WORK REQUIRED —
Write down exactly the lines of the records below, beginning with the first and ending with the line that includes "NAN YA Glass fabric composite".

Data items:
===
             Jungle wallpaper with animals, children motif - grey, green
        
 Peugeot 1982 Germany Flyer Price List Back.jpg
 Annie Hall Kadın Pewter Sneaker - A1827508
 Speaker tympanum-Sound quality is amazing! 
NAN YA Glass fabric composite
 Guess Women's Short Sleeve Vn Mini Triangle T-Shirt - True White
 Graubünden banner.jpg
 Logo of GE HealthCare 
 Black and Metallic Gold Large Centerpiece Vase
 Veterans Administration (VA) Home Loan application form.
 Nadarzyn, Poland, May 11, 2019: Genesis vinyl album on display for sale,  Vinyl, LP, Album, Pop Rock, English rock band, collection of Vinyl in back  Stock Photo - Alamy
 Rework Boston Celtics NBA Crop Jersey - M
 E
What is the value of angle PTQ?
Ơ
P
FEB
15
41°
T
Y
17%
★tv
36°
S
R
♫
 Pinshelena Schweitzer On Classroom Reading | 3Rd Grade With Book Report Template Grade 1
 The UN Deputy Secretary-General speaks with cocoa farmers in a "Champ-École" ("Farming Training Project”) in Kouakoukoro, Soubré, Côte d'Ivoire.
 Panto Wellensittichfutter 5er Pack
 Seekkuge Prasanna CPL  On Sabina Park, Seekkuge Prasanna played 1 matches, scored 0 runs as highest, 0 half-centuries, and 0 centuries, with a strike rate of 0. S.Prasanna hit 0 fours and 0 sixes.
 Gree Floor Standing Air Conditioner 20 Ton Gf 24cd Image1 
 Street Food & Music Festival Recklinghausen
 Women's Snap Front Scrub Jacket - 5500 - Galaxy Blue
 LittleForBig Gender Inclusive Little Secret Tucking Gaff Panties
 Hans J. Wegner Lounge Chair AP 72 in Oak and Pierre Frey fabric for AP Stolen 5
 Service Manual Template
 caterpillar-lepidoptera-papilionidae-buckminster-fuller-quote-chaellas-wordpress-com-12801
===
RESPONSE AREA —
             Jungle wallpaper with animals, children motif - grey, green
        
 Peugeot 1982 Germany Flyer Price List Back.jpg
 Annie Hall Kadın Pewter Sneaker - A1827508
 Speaker tympanum-Sound quality is amazing! 
NAN YA Glass fabric composite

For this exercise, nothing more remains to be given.